7 de mai. de 2014

Mães de hospital :: Jairo Marques

Não há sinônimo melhor para doação do que mães que vivem em hospitais no aguardo incansável e angustiante de chegar o grande dia no qual poderão levar suas crias de volta para casa, mesmo que elas já tenham sua plumagem bem frondosa, mesmo que elas jamais consigam pular amarelinhas de forma independente dali em diante.

Ter o filho novamente em casa após uma internação pode ser mais significativo do que o dia da formatura, o da primeira peça de teatro, o da primeira palavra balbuciada, pois significa uma chance nova de criar outras histórias incríveis e lindas para os porta-retratos e para a literatura de viver.

Mães de hospital não têm coluna, porque são capazes de dormir meses em um sofazinho sinuoso e desconfortável que guarda displicente o leito do filho enfermo. Possuem no organismo o analgésico mais poderoso, aquele que enfrenta e apazigua as dores da incerteza do futuro e de um ligeiro descaso do pessoal que serve as refeições, quando ela tanto esperava para seu pequeno um cuidado particular.

Elas choram pelos cantos para não fazer barulho e não comprometer os corações sensíveis de seus meninos. Ao mesmo tempo, são capazes dos melhores e mais largos sorrisos para os médicos que "prometerem" aquela visita mais longa, mais detalhada e mais otimista.

 Mães de hospital não veem feiura em queimadura ou em má-formação, não sentem arrepios de sangue entrando ou saindo pelas veias - afinal, trata-se da busca da cura, sabem tudo a respeito de erisipela, imunodeficiência, interação medicamentosa e quimioterapia.
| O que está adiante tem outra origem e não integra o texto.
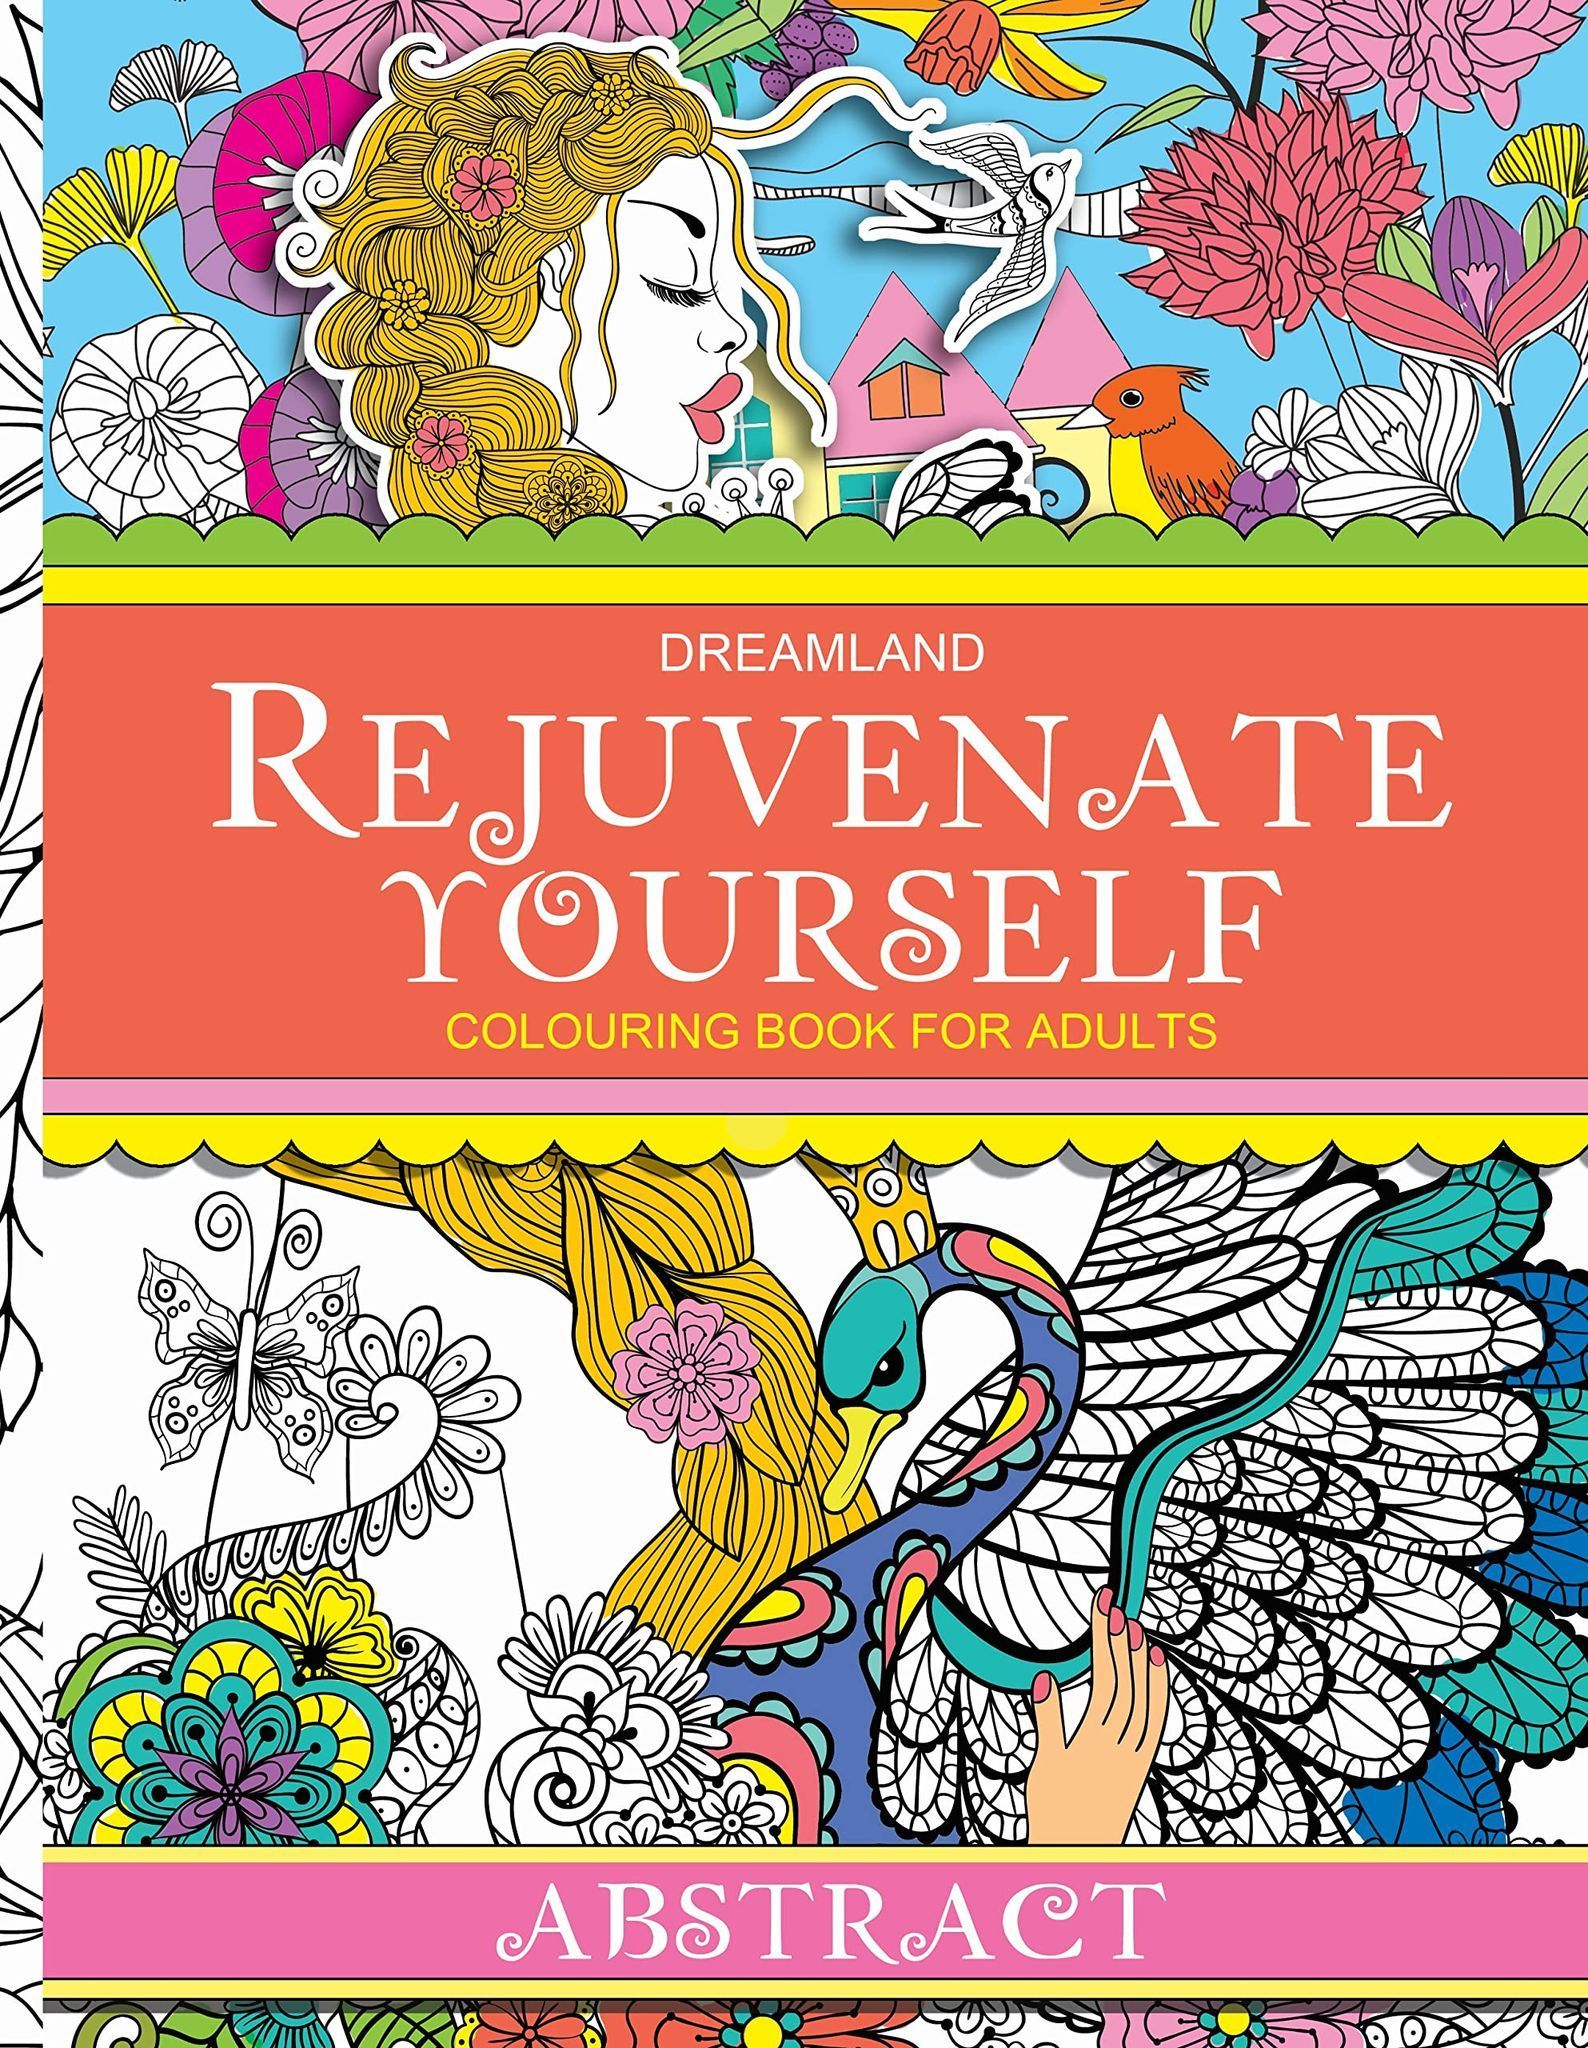 Rejuvenate yourself colouring abstract [Unknown Binding] NA

A antessala de um centro de cirurgia pode ser mais dramática que os próprios acontecimentos da unidade se lá estiver uma mãe. Ela é capaz de ficar dez, 12 horas em pé, imóvel, para apenas "emanar energias boas" para que a mão do médico não trema, para que a sutura amarre de vez os problemas e os leve para bem longe de seus filhos amados.

 Não existe possibilidades de mães de hospital almejarem o título da melhor mãe do mundo, porque elas só estão interessadas em promover para si o básico: um banho rápido, um telefonema para o filho do meio pedindo a ele que estude e um afago na companheira do quarto 31, cuja menina piorou durante a madrugada.
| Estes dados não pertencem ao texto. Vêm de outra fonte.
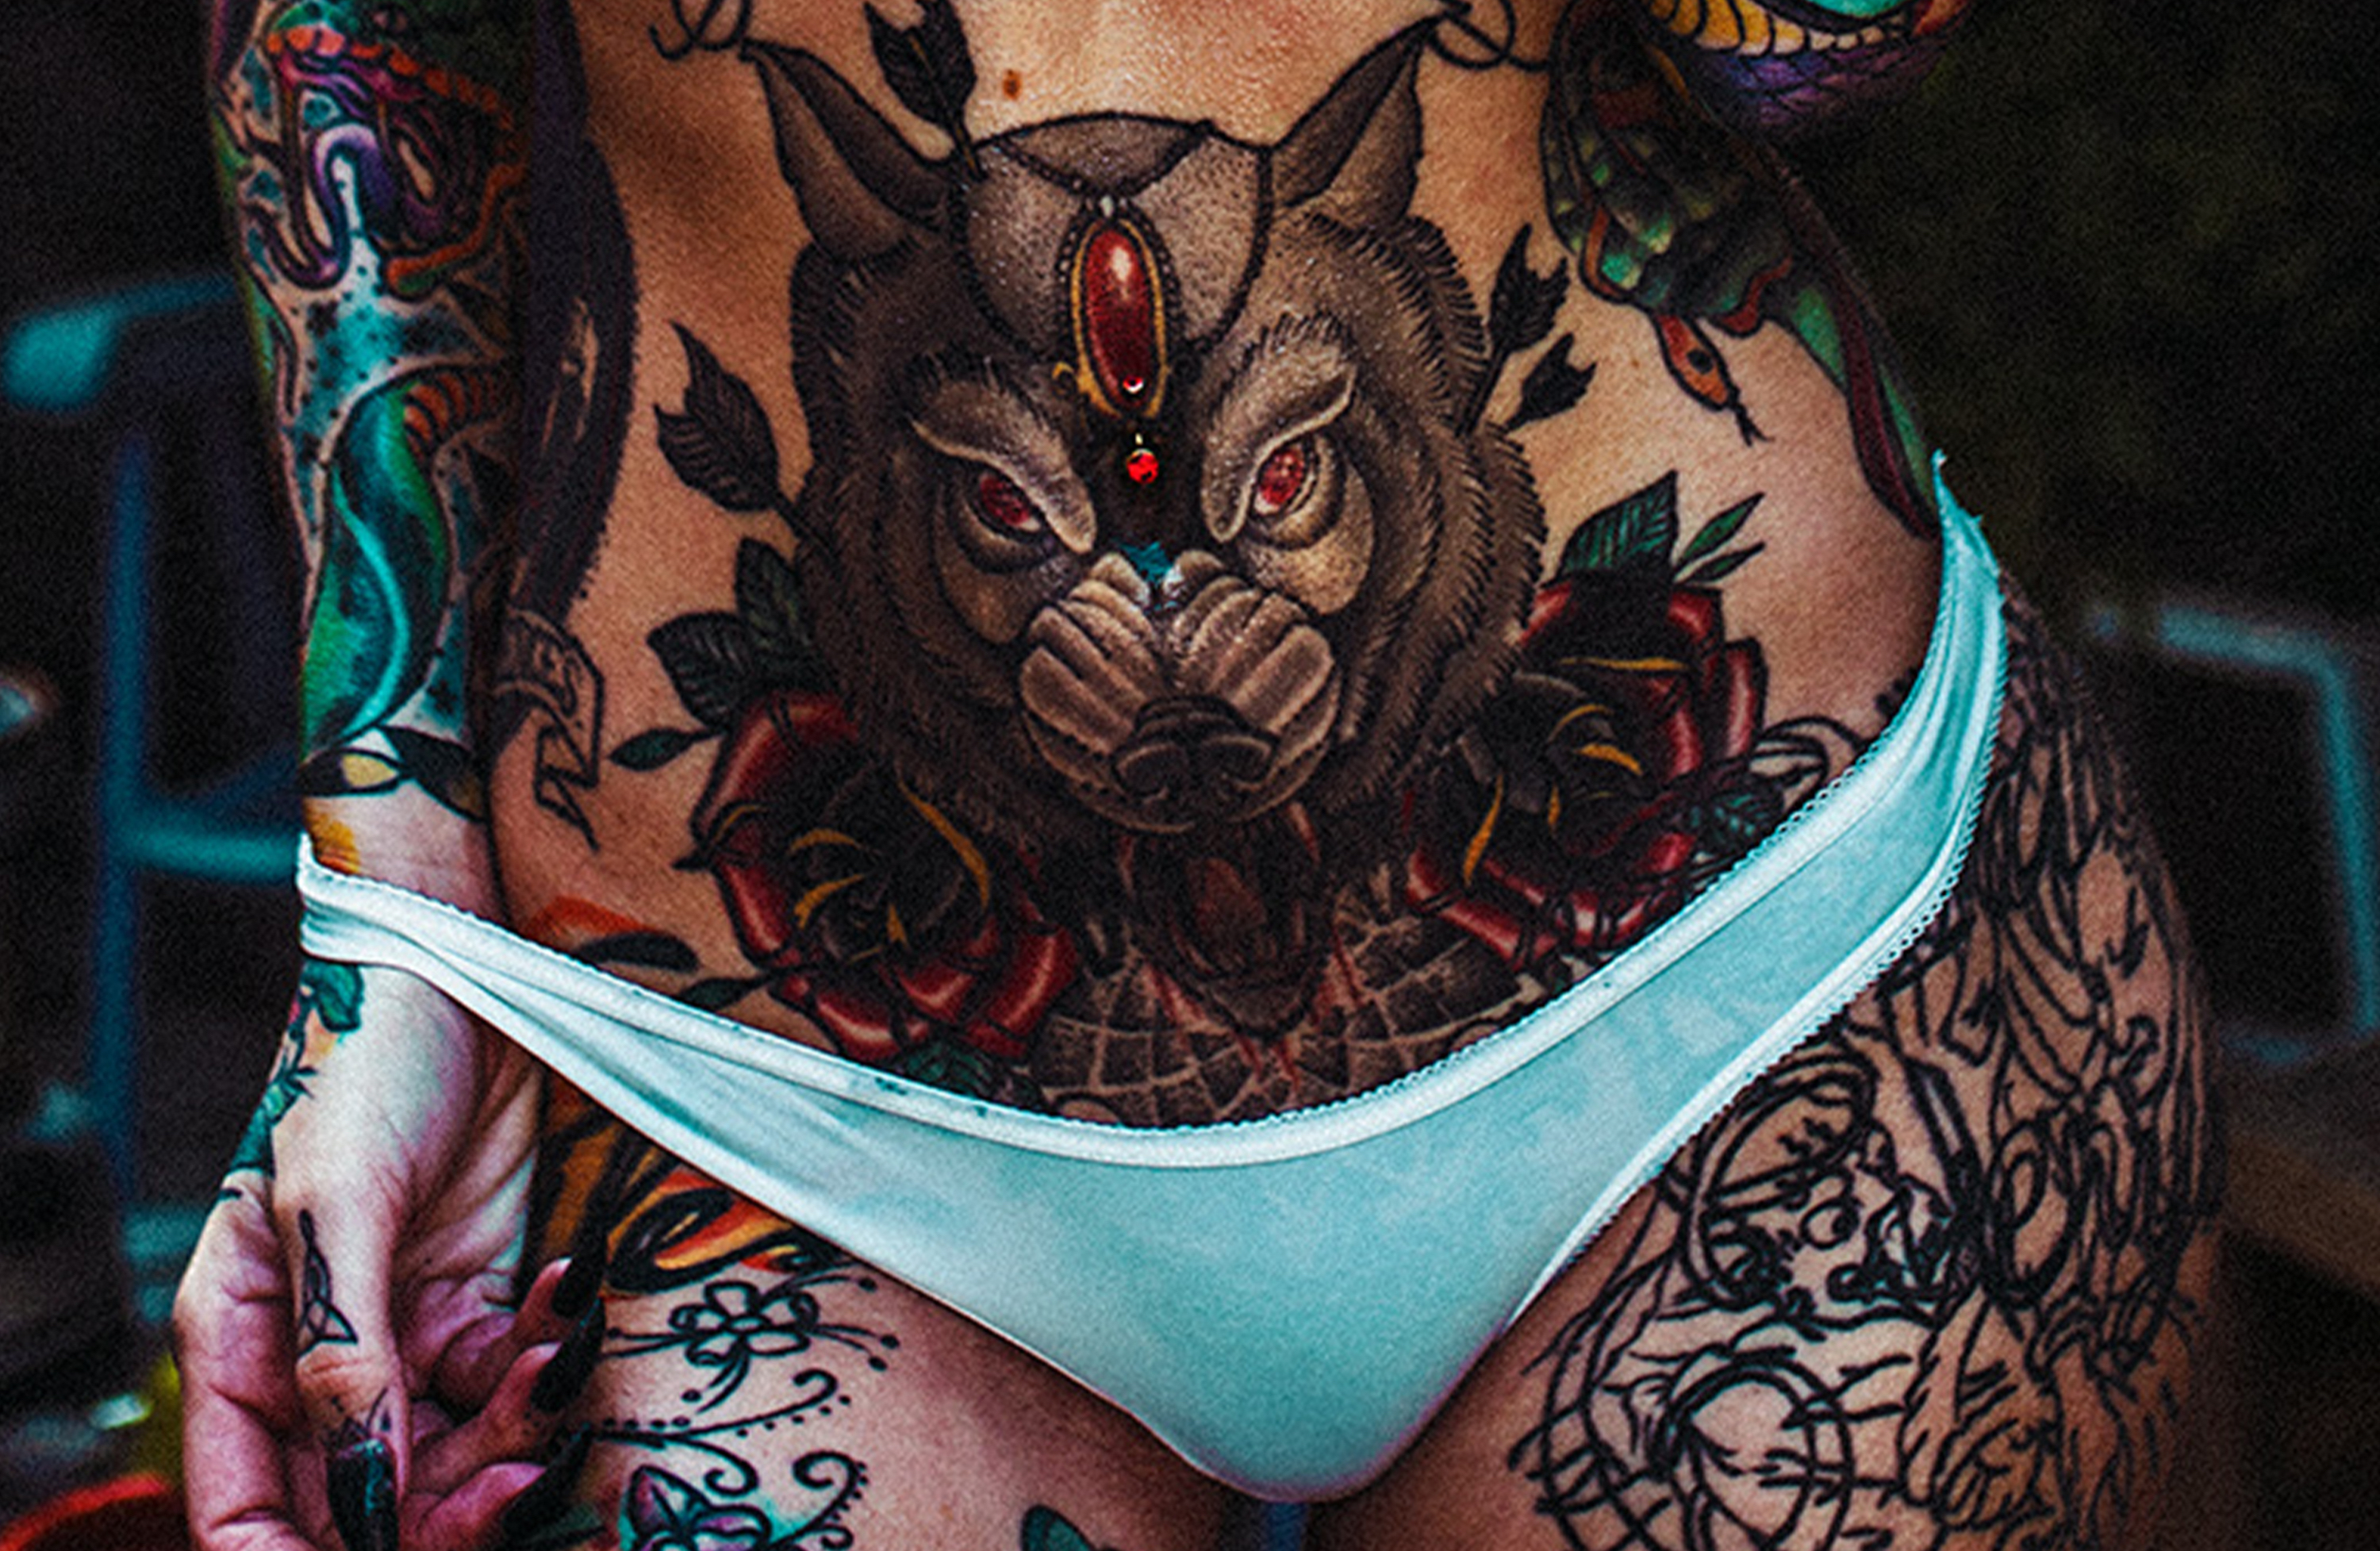 Name of tattooed woman on bad wolves nation album cover

E elas são firmes diante de choros aterradores vindos da dor de agulha, de dores nos ossos, na pele, na cabeça, no pensamento. O seu papel é passar segurança e confiança em que aquilo será para melhor, em que aquilo irá trazer de volta os momentos felizes das tardes de domingo.

Em mães de hospital, apenas as dores na alma são incontroláveis, mas essas elas teimam em resolver sozinha durante intermináveis insônias ou em um diabo chamado sono vigilante.

Por tudo isso, quando vir uma mãe de hospital, só dê a ela esperança, flores do campo e olhares de ternura. Não queira dar um toque de razão, uma frase de efeito ao coração ou se atreva a julgar o que, a seus olhos, parece "sacrifício".

Todo o esforço valerá a pena se for reconquistado pela mãe o direito de, logo cedinho, dar aqueles abraços de puro chamego e aqueles beijos estalados, meio lambidos e barulhentos, que nunquinha o clima da melhor enfermaria do mundo iria permitir.

Folha de São Paulo. Cotidiano. 07 de maio de 2014.